Because the porcine sample is similar in composition to a human breast, the dose in this work is given as the mean glandular dose (MGD). The MGD is calculated using the monoenergetic normalized glandular dose coefficients DgN(E) (with E the X-ray energy) as tabulated by Boone et al. for different compressed breast thicknesses44. Taking into account the spectrum of the rotating anode and summing over all energy bins E, this results in the following formula for the MGD45:

$$ {\text{MGD}} = \sum\limits_{E} K (E)[{\text{mGy}}] \cdot 0.114\left[ {\frac{{\text{R}}}{{{\text{mGy}}}}} \right] \cdot \left( {{\text{DgN}}({\text{E}})\left[ {\frac{{\text{R}}}{{{\text{mGy}}}}} \right]} \right). $$
(4)

Here, K(E) is the air kerma, the total sum of kinetic energy of all charged particles per unit mass in the first step of interaction. The air kerma is measured separately for the radiograph and CT setup by placing the clinical dosimeter (Diados T60005 MAM, PTW Freiburg GmbH, Freiburg, Germany) at the sample position and leaving all gratings in the beam path.

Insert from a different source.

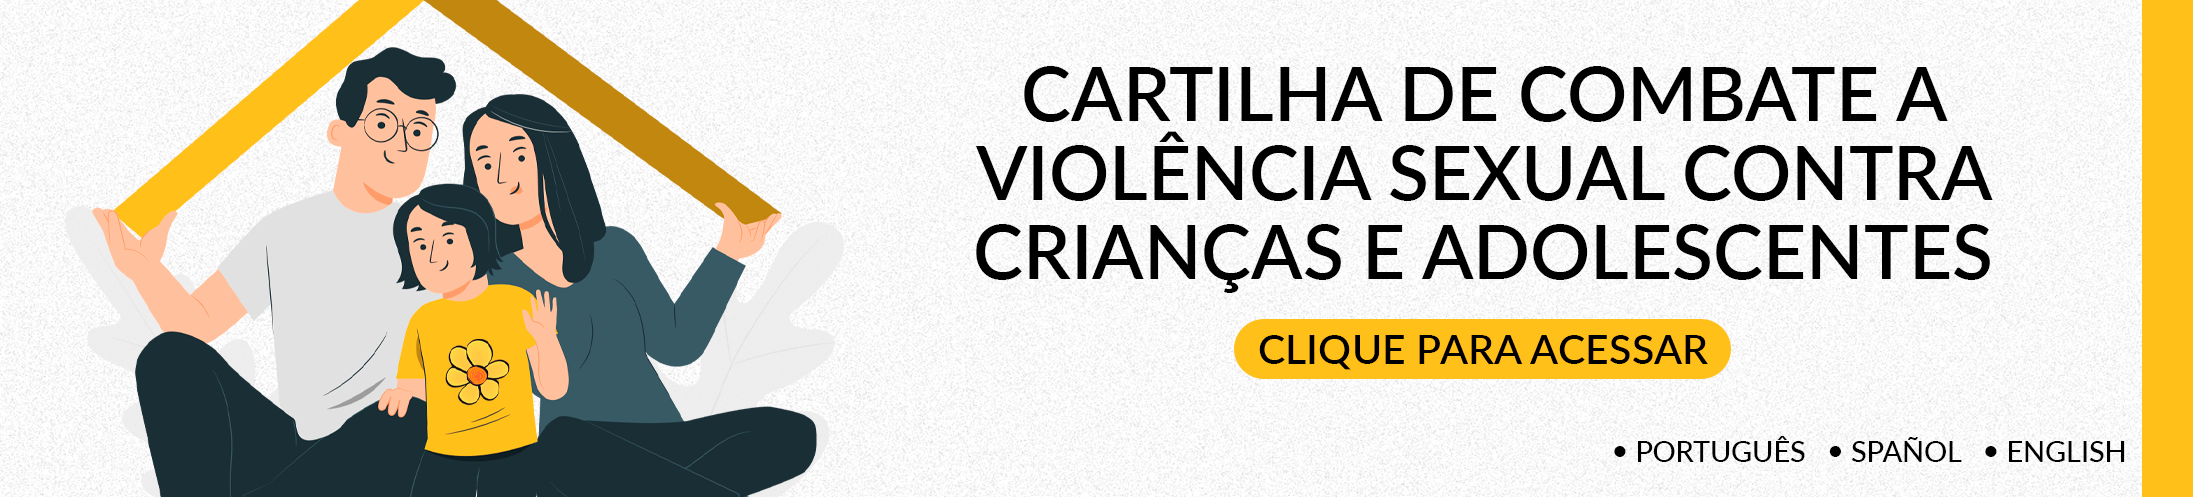 CARTILHA - 18 DE MAIO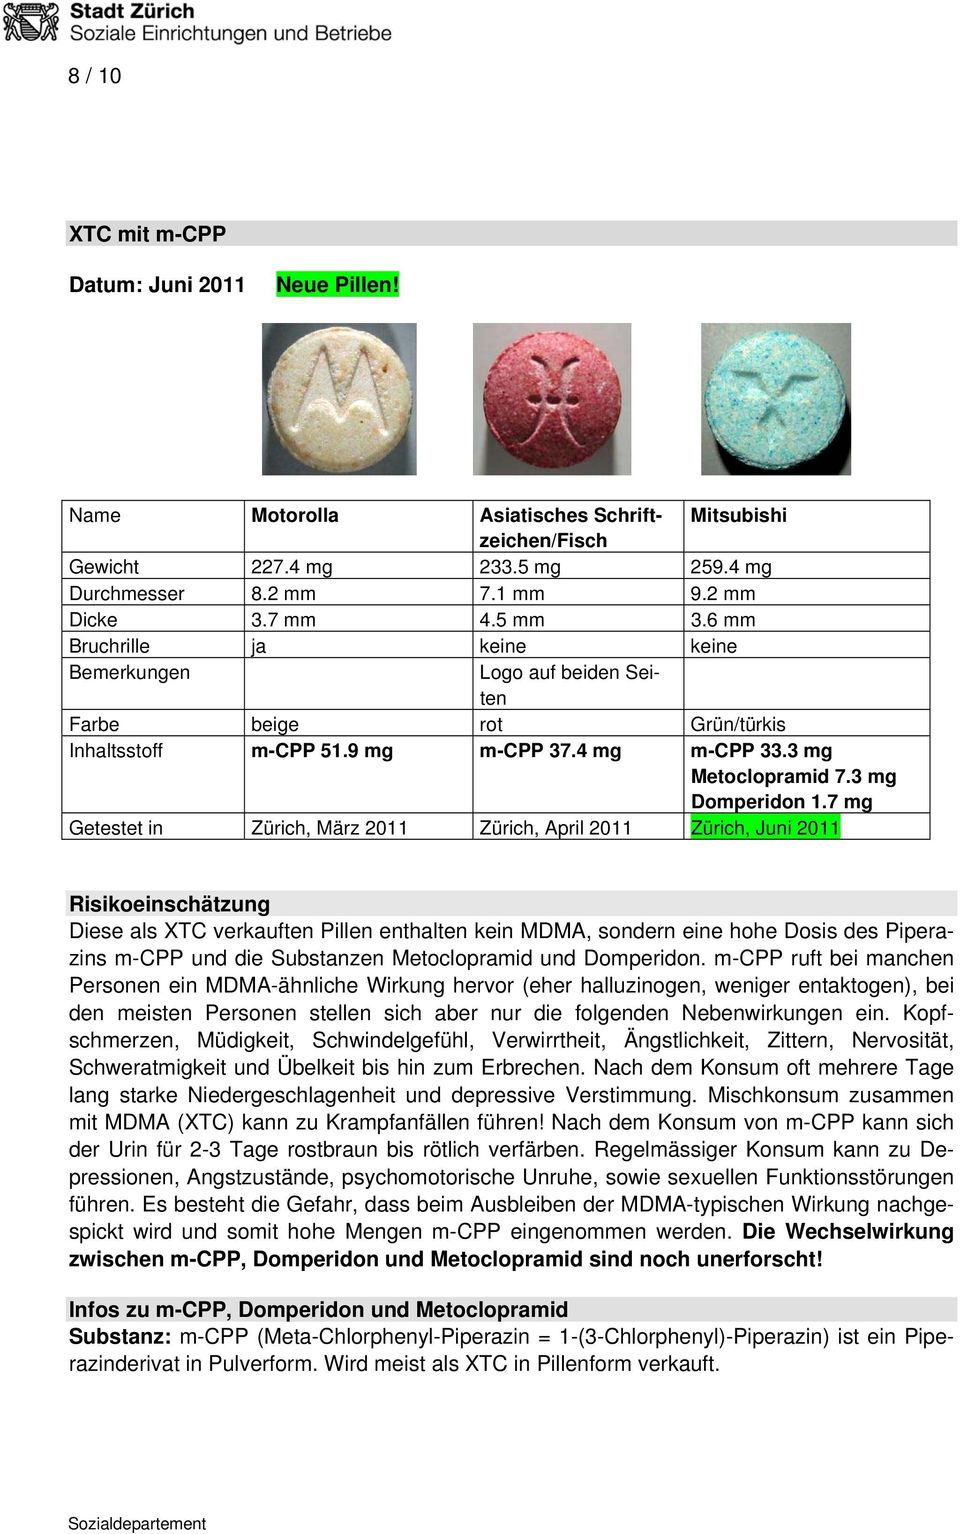 7 mg Getestet in Zürich, März 2011 Zürich, April 2011 Zürich, Juni 2011 Risikoeinschätzung Diese als XTC verkauften Pillen enthalten kein MDMA, sondern eine hohe Dosis des Piperazins m-cpp und die

Since the holder used in the radiography experiment contains a polycarbonate plate of 5 mm in thickness in front of the sample, such a plate is also placed in front of the dosimeter. The comparatively thin walls of the FalconTM tube are deemed negligible for the dose calculation; as such, no object is placed in front of the dosimeter for the air kerma measurement in the CT setup. The resulting air kerma values are \({0.166}\,\upmu \hbox {Gys}^{-1}\) and \({0.566}\,\upmu \hbox {Gys}^{-1}\) for the radiograph and CT setup respectively. A breast glandularity of 50% is assumed for all dose calculations since approximately half of each sample consists of fat.